Какая-то парочка с визгом шарахается от него прочь. Где-то, звонко прыгая по брусчатке, покатилась пустая бутылка из-под шампанского. Он бежит дальше, под арку, мимо соборов и часовен, кривым запутанным маршрутом, попадает наконец в нужное место. Снова поднимается наверх, в кабинет, останавливается и уже черным ходом выходит на обратную сторону. Там, за стеной, вскрывает амбарный замок. Темно, не помогает даже аварийное освещение. Злоумышленник раскрывает до предела веки, но ничего не видит. Наконец из тьмы проступает обратная сторона государственной машины, и Сергей Петрович с деловым видом приступает к акции. Береженого бог бережет, шепчет бывший звездный капитан, выдергивая с рычагов медные колокольчики. Те с красивым малиновым звоном падают на бетонный пол, раскатываются, подпрыгивая на неровном бугристом рельефе, и навсегда замолкают в темных прямых углах параллелепипеда. После успешного окончания операции Варфоломеев возвращается в кабинет, выключает хриплую «спидолу», тушит зеленую лампу и, удовлетворенный, выходит вниз на старый брусчатый двор.

21

Интеллигентный человек не может быть победителем. Пусть даже он прав. Пусть даже многотрудной логической цепью аргументов, фактов и действий опровергнет противную сторону. Все равно он не сможет быть наверху. И дело не в слабости предъявленных за и против, не в том, что правда не вечна, преходяща. Дело в противной стороне. Ему, интеллигентному человеку, едва одержавшему победу, тут же становится жаль противную сторону. Ведь она тоже человек, и следовательно, слабое, страдающее существо.
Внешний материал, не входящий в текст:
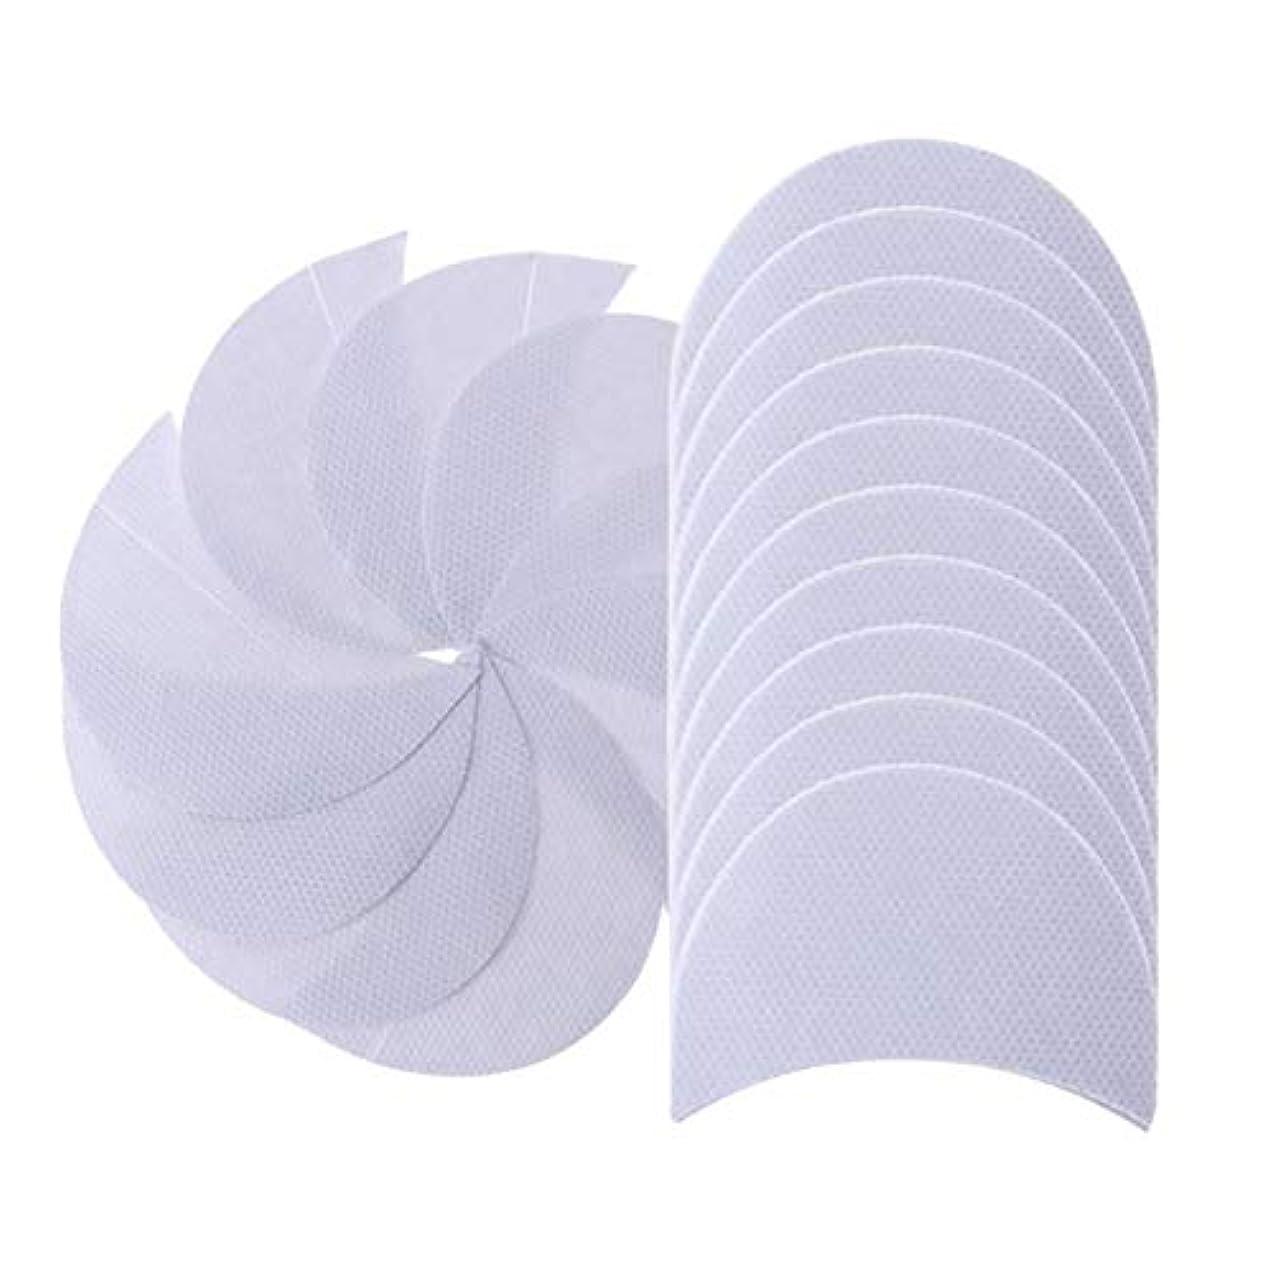 楽観的民間回路目のアイシャドウのまつげエクステンションで50sheetパッドダストは、毎日使用するためシールズ唇メイクのプロのメイクアップアイシャドウ印刷テンプレートマスク

Он начинает переживать, мучиться, брать свои слова обратно, мол, хоть я и прав, а тоже раньше не понимал, заблуждался, бродил в потемках, мол, и догадался-то случайно, а так, если бы не случай, то уж, верно, жил бы, как все. А то еще скажет, что и ему подсказали, научили, на путь истинный наставили, хоть это совсем неправда. Если и того мало, вообще расстраивается, совсем берет свои слова обратно, извиняется за допущенные действия и даже может попросить прощения. Простите, скажет, у вас здесь я ошибку нашел якобы, а никакая это не ошибка, а так, опечатка, и более того, не опечатка, а скорее наоборот.

Соня сидела рядом с Варфоломеевым, вспоминала давнишние разговоры с Евгением, применяя старые идеи к новым условиям. Сергей Петрович прилип к иллюминатору и только изредка поворачивался, приглашая и Соню посмотреть вниз. Там, внизу, проплывала зеленая страна, новая, неизведанная и все-таки до боли знакомая. Казалось, ей нет никакого дела до прошлых времен и ничего она знать не хочет, откуда, почему и как все начиналось. Поэтому глупо требовать от нее возврата к старому. Ведь ничто не повторяется, ничто. Дальше будет другое, хорошее, плохое — неизвестно. Соня краем взгляда посмотрела на попутчика. Он сам вызвался ее проводить до Ленинграда, тем более что хотел побыстрее попасть в Раздольное. Что же, пусть хоть так, только бы побыстрее долететь. У нее там много дел. Нет, лучше не думать сейчас об этом, иначе не хватит терпения ждать, когда же кончится этот длинный час. Она снова посмотрела на бывшего звездного капитана. Вспомнила, как шел он навстречу славе и почету босиком, весь перемазанный как мальчишка. Она не ожидала его увидеть в таком виде. Она вообще ничего не ожидала в таком роде. Сначала, когда они с Карауловым приехали в столицу, настроилась на долгое, изнурительное ожидание в приемных государственных учреждений, на общее непонимание, возможно, даже на активное сопротивление. Но едва она назвала свою фамилию, как услужливо открылись перед нею двери высоких учреждений. Какие-то официальные люди тут же окружили ее вниманием и заботой, многое наобещали и сразу же исполнили, представив ее высокому начальству. И наступил момент, когда все с ней происходящее стало даже приятно, и ей в самом деле поверилось, что пожелай она в ту минуту самое заветное, и оно неизбежно будет исполнено. Но нет, не исполнилось, не получилось. Ни у кого не получилось. Даже у Караулова, который использовал ее как приманку, да ничего не словил, а исчез на сумасшедшем излете кремлевской ночи.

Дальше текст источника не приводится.